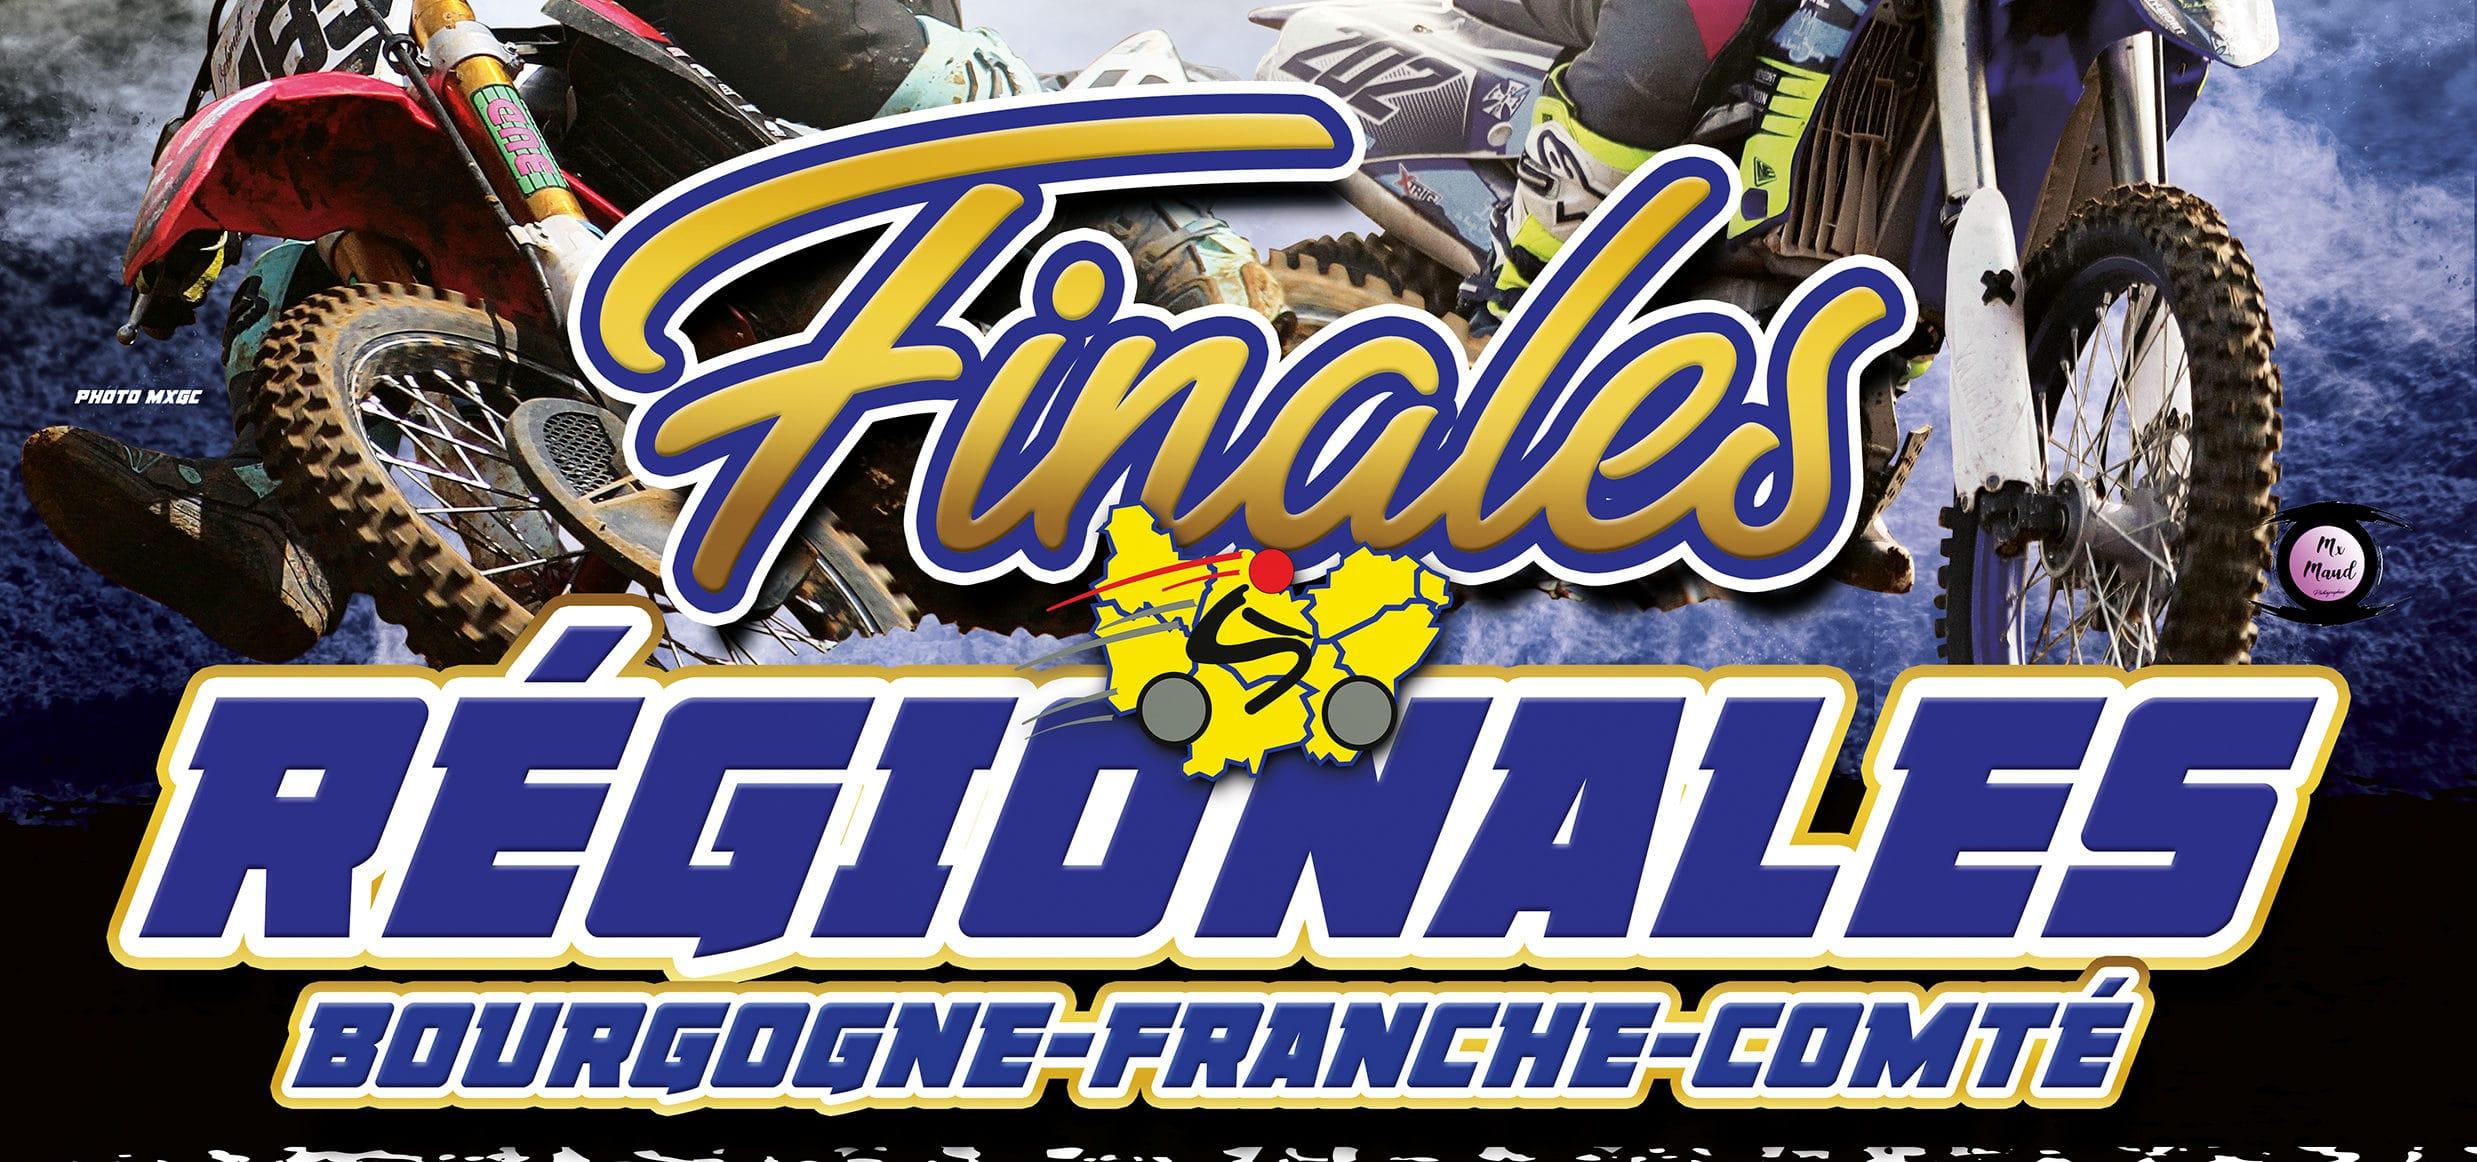 Finale Championnat Bourgogne Franche Comté   MotoClub Dardon Gueugnon
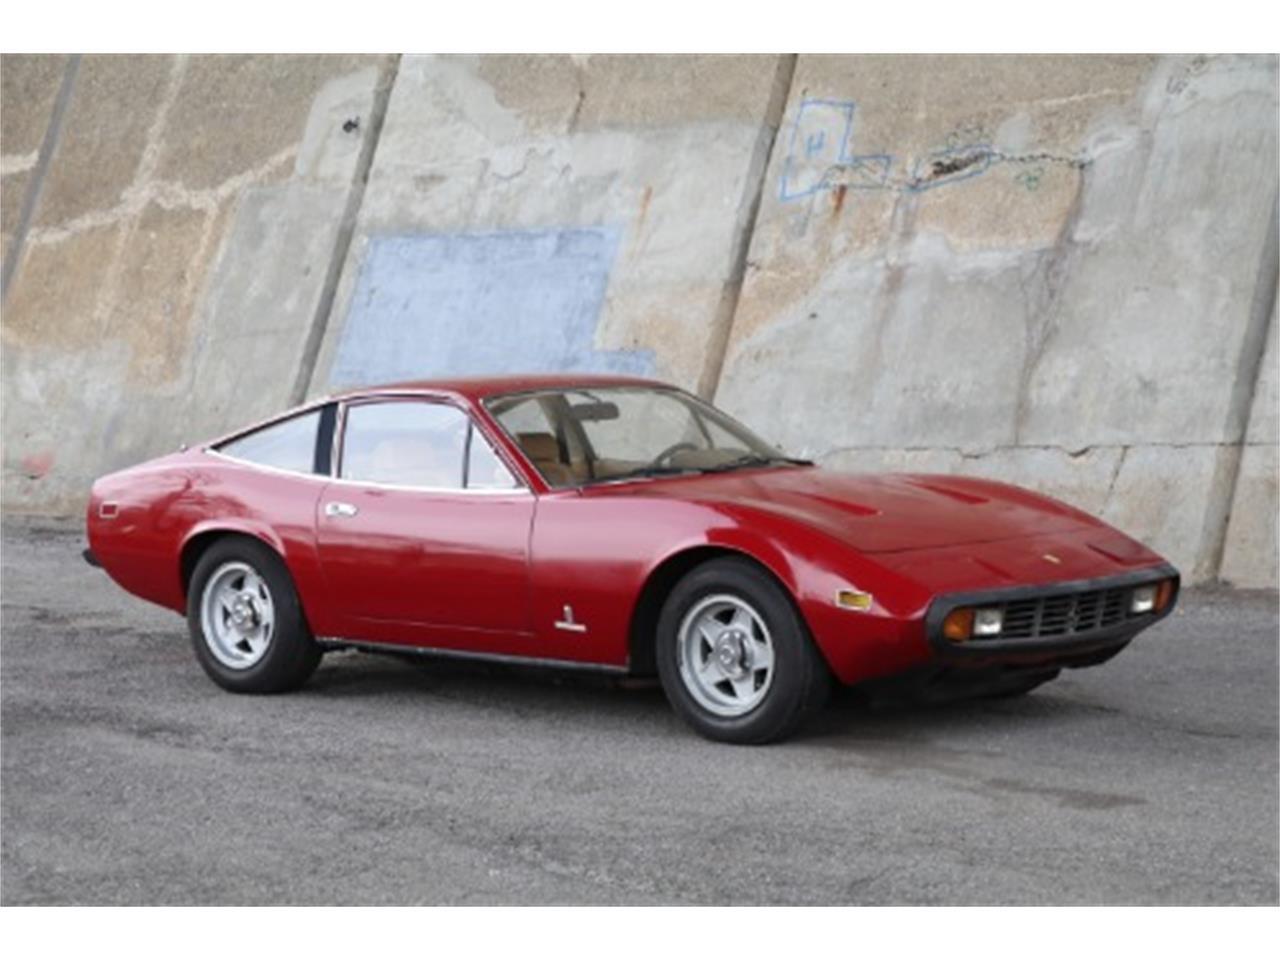 1972 Ferrari 365 GTC/4 (CC-1312341) for sale in Astoria, New York
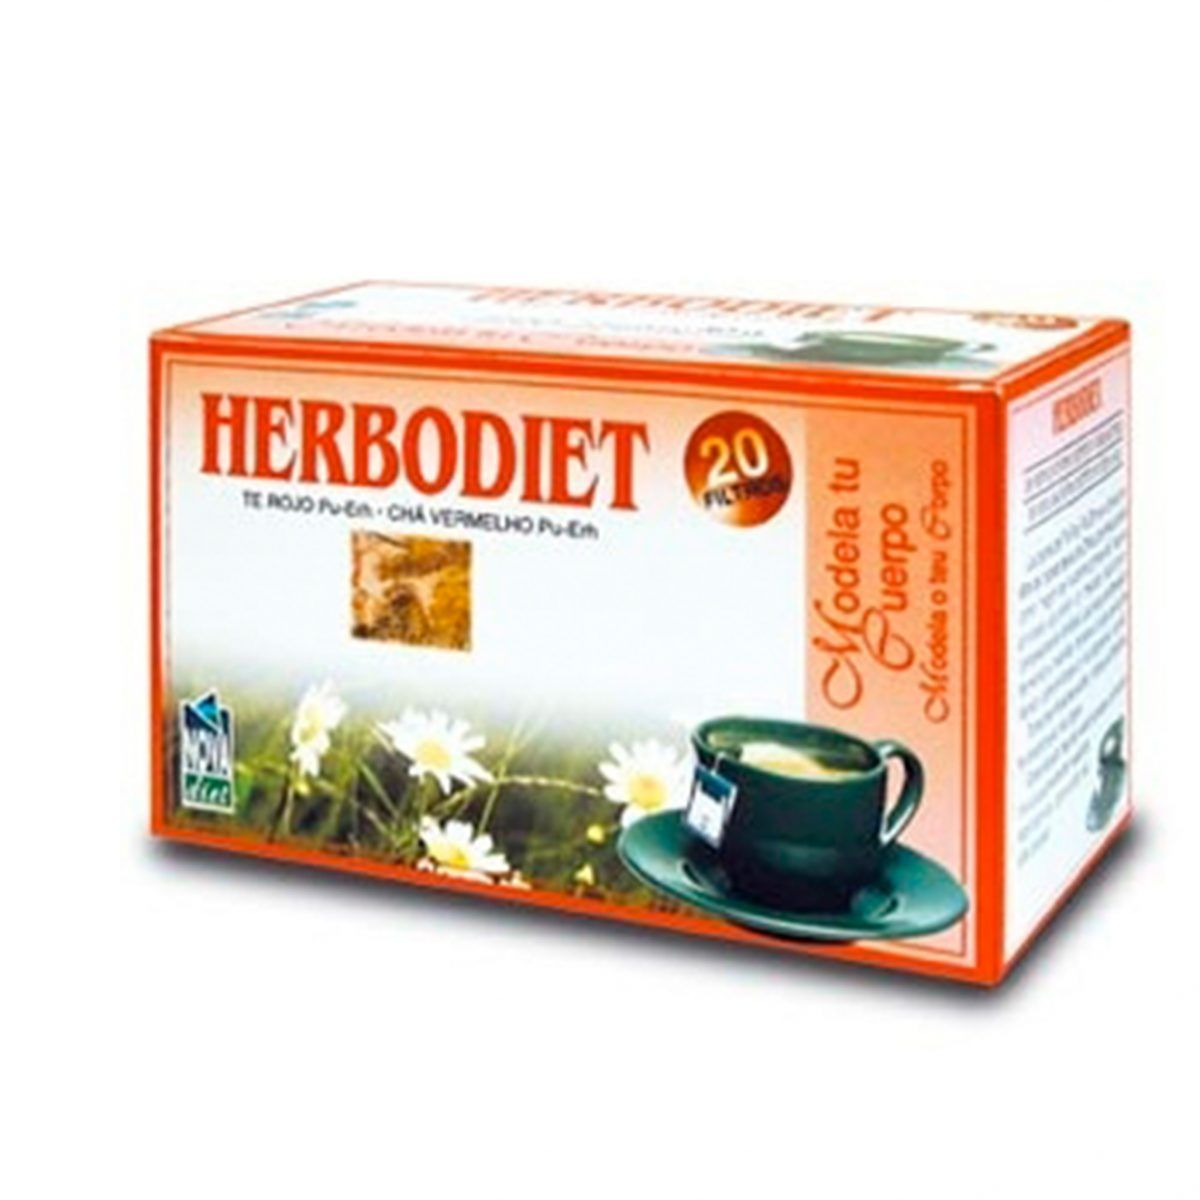 Herbodiet Modela Tu Cuerpo
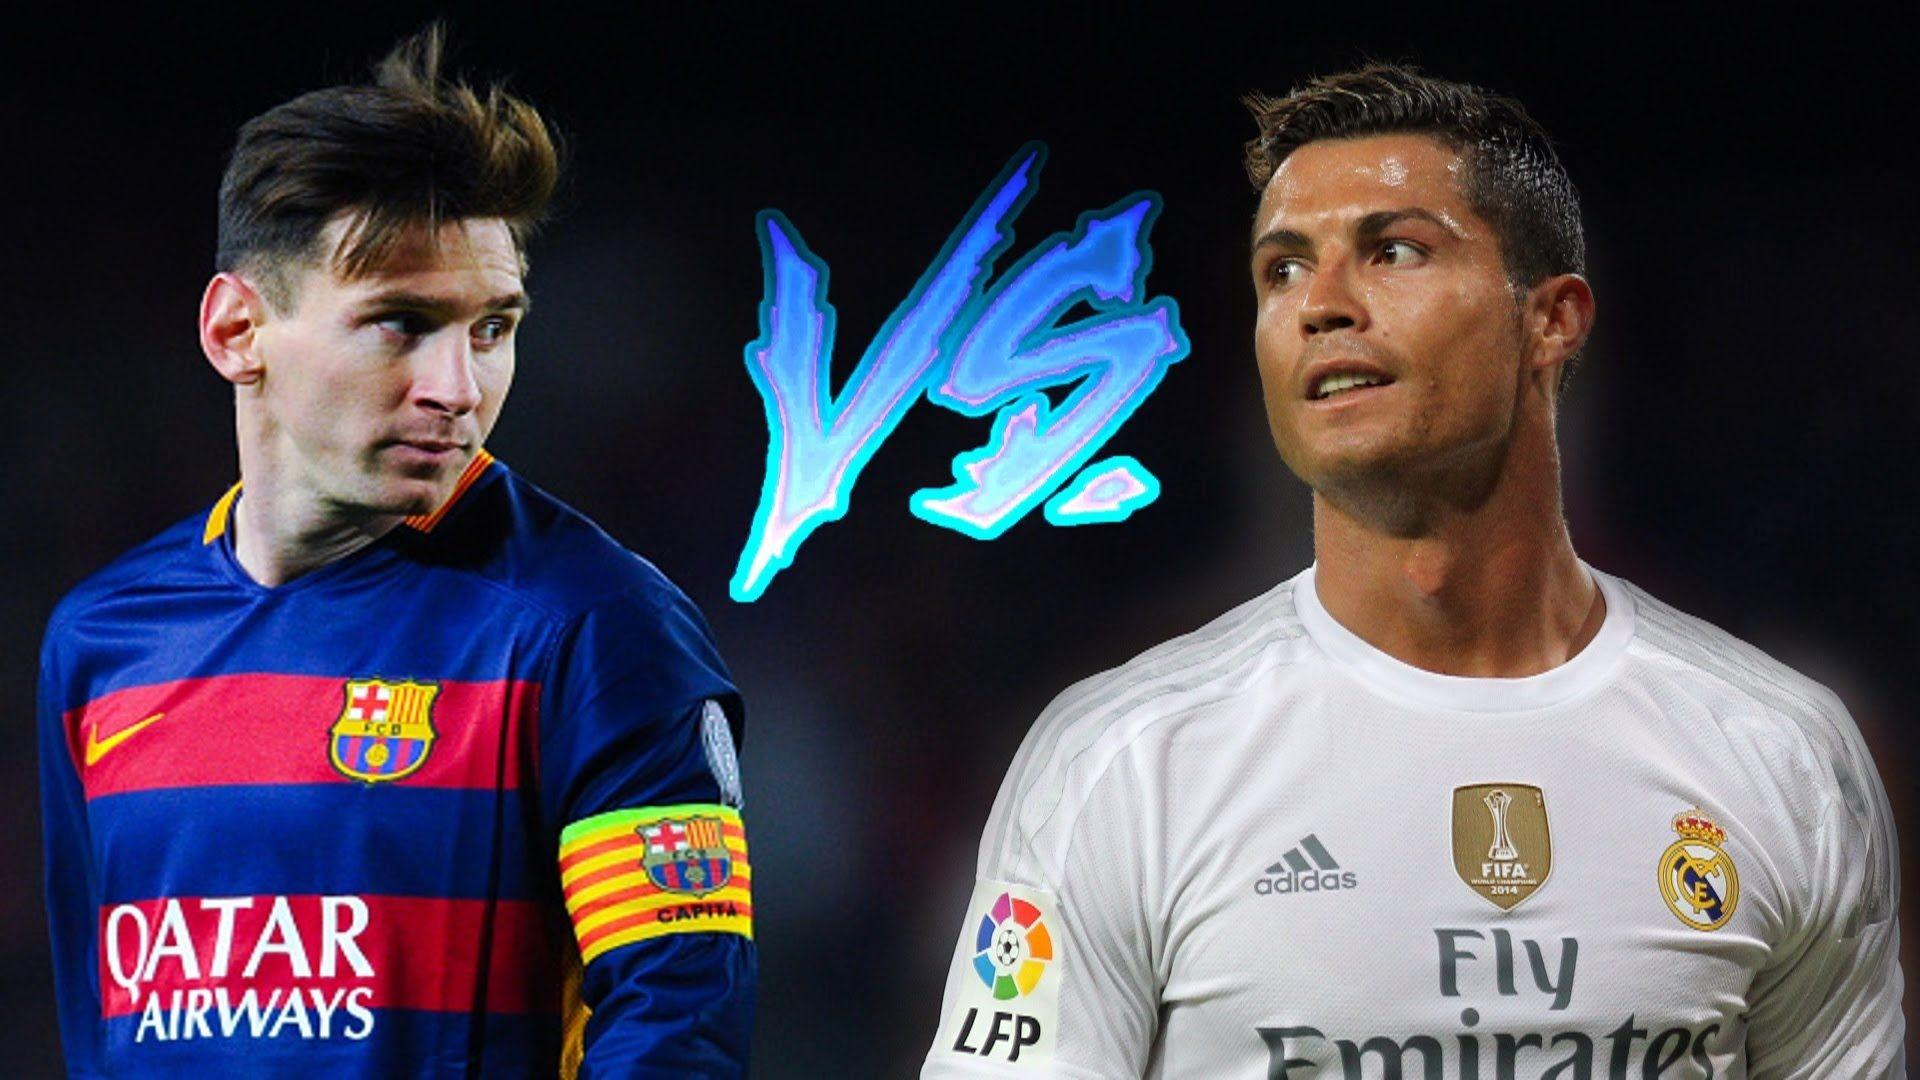 Just posted! Messi Vs C.Ronaldo- Amazing skills show- HD  https://youtube.com/watch?v=Fqn_4ocPSOU   Football   Pinterest   Messi,  Ronaldo and Lionel messi

==*==

From the line that contains "Herbodiet Modela Tu Cuerpo" to the last line of the data above, inclusive, transcribe every line exactly and only those lines, omitting pictures.

Written solution
 Herbodiet Modela Tu Cuerpo
 Just posted! Messi Vs C.Ronaldo- Amazing skills show- HD  https://youtube.com/watch?v=Fqn_4ocPSOU   Football   Pinterest   Messi,  Ronaldo and Lionel messi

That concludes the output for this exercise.